Harpa Sobre Campo Verde: A primeira Bandeira da Irlanda

Desde o século XVII, uma bandeira verde com uma harpa dourada ao centro (acima) era usada como bandeira nacional da Irlanda. Já naquela altura, os irlandeses lutavam para se livrar do controle imposto pelos ingleses. A cor verde sempre esteve associada à Irlanda - não é acaso que a Irlanda seja conhecida como "Ilha Esmeralda", por suas verdejantes pastagens e colinas.
Por ser o instrumento tradicional dos bardos e poetas da Irlanda, a harpa sempre esteve intimamente ligada ao passado celta - heróico e independente - da Irlanda (ver mais sobre a harpa abaixo). Nada mais natural, portanto, do que escolhê-la para simbolizar a luta de um povo pela preservação de sua liberdade e identidade cultural. Essa bandeira obviamente era mal vista pelos britânicos, que baniram-na. Na verdade, a harpa em si foi banida durante adominação britânica, num período em que era comum harpas serem queimadas e harpistas, sumariamente executados. Por tudo isso, a bandeira verde com a harpa dourada era a representação perfeita da luta dos irlandeses (majoritariamente católicos) contra os ingleses (protestantes). A cor verde, portanto, passou a representar o movimento nacionalista dos irlandeses católicos pela sua independência.
Involuntariamente envolvida na disputa pelo trono inglês entre o católico James II e o protestante William de Orange, no final do século XVII, a Irlanda foi o palco da decisiva Batalha do Rio Boyne, de que sai vencedor o segundo. Desde então, os protestantes da Irlanda (em sua maioria, ingleses e escoceses "plantados" pela monarquia inglesa para "anglicizar" a Irlanda) adotaram a cor laranja como símbolo do protestantismo e da ligação à Coroa Britânica, uma forma de homenagear seu grande herói, William de Orange (a cor-de-laranja é a cor oficial da Casa de Orange, a família real nederlandesa).
Eis porque, quando desvelada em Dublin em 1848, a "Tricolor Irlandesa" foi assim explicada por Thomas Francis Meagher (esq.) :
"O branco no centro simboliza a paz duradoura entre os "Laranjas" (protestantes, unionistas) e os "Verdes" (católicos, nacionalistas), e confio que sob suas dobras as mãos dos protestantes e dos católicos da Irlanda possam se apertar em heróica e generosa fraternidade."
Infelizmente, a história mostraria que a esperança de Meagher por uma paz entre católicos e protestantes ainda demoraria a se tornar verdade.
Apesar de utilizada pelos Rebeldes do Levante da Páscoa de 1916, aIrish Tricolour era então um símbolo secundário: a ancestral bandeira verde com a harpa ao centro ainda era a preferida dos nacionalistas republicanos irlandeses, que acrescentaram os dizeres "ÉRIN GO BRAGH" (Irlanda para Sempre) sob a harpa.
Foi somente em 1921, com o surgimento do Estado Livre Irlandês, que a "Tricolor Irlandesa" foi adotada como bandeira nacional, oficializada pelo Artigo VII da constituição irlandesa em 1937, segundo o qual "A bandeira nacional é a tricolor em verde, branco e laranja". Desde então, é usada nos prédios governamentais e pelos irlandeses em geral, nos eventos esportivos, musicais e até mesmo em trajes de banho: a Tricolor Irlandesa é hoje motivo de orgulho.

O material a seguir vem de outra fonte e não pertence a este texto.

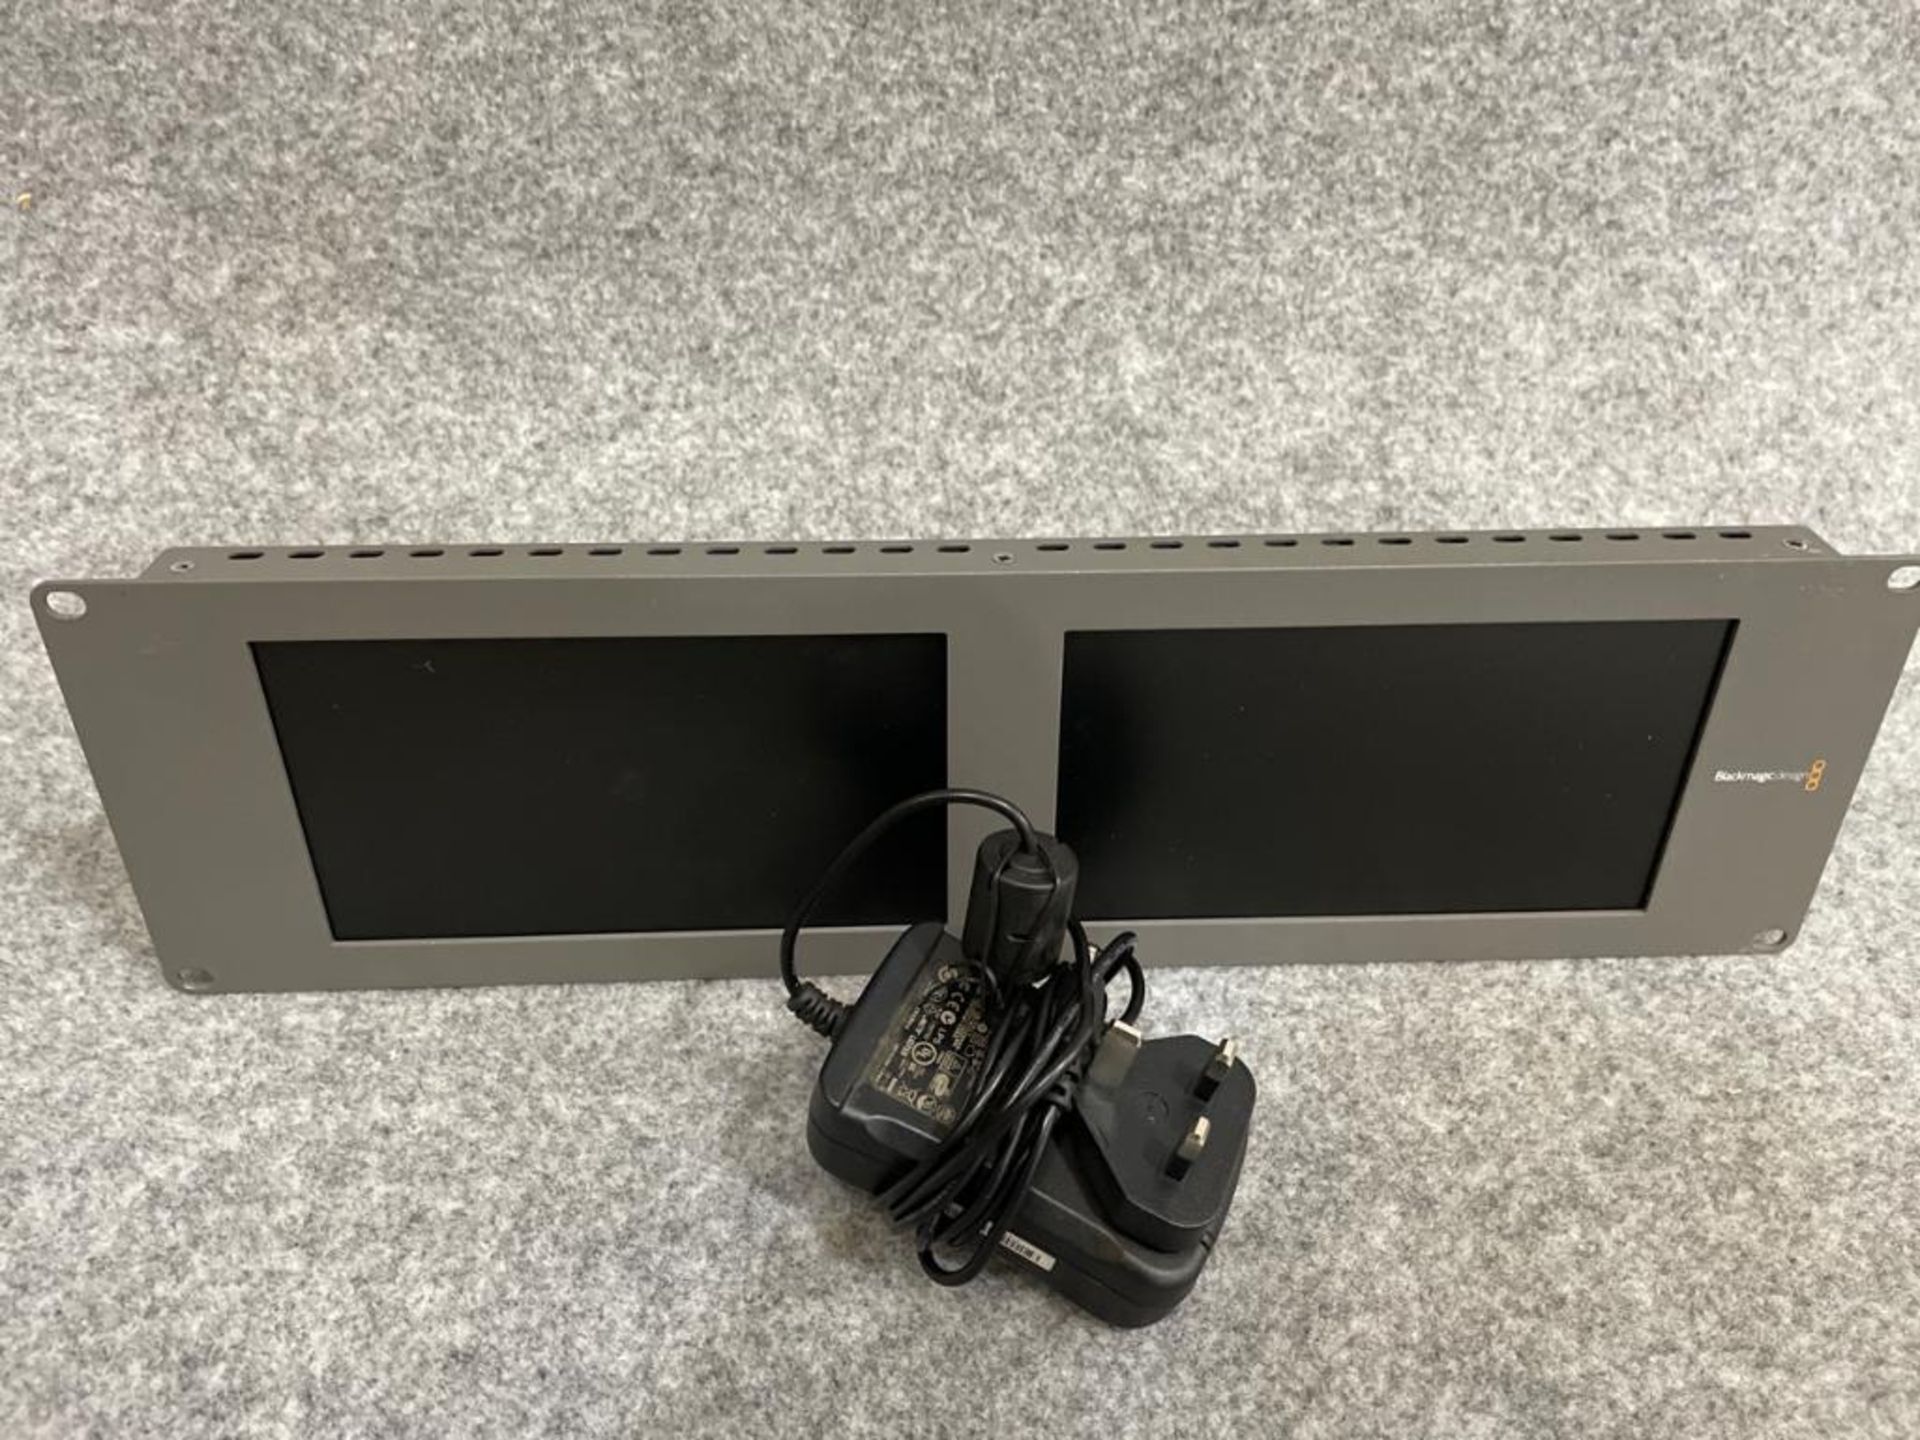 BlackMagic Dual HD Monitor with power supply SN: 1391737 - Image 3 of 3

Bono com a bandeira - Padraig Harrigton, golfista - Torcedores de futebol e rugby - Irlandesas até debaixo d'água
Especificações Cromáticas da Bandeira Irlandesa:
Sistema de cores RGB:
Verde: 0-154-99
Branco: 255-255-255
Laranja: 255-130-61
Sistema Hex:
Verde: #009A63
Branco: #FFFFFF
Laranja: #FF823D
Sistema CMYK:
Verde: 100-0-86-3
Branco: 0-0-0-0
Laranja: 0-48-95-0

O Shamrock

A palavra inglesa 'shamrock' é a anglicização do termo irlandês 'seamróg': literalmente "pequeno trevo" ou "trevinho". Entrou para o imaginário irlandês há muito tempo: segundo a lenda, o shamrock (Trifolium repens) teria sido usado por São Patriciopara explicar aos irlandeses recém convertidos ao cristianismo o conceito da Santíssima Trindade. Atualmente, crê-se que a verdade seja outra: dada a percepção celta da triplicidade do universo, muitos estudiosos crêem que, na realidade, o processo tenha sido o contrário: os monges irlandeses medievais é que teriam introduzido ao cristianismo o conceito tipicamente celta da triplicidade.
Outro indicador da ancestralidade do Shamrock pode ser percebido nas paredes de uma magnífica estrutura da Irlanda neolítica, ainda mais antiga que os celtas: Brugh na Bóinne, também conhecida como Newgrange. Tanto na enorme pedra que decora a entrada à câmera interior quanto nas paredes dessa câmera, podemos encontrar um símbolo hoje conhecido como 'triskle', muito semelhante ao trevo irlandês.
À esquerda, o triskle na pedra que orna a entrada da estrutura megalítica de Newgrange; à direita, outro triskle, no interior da câmera.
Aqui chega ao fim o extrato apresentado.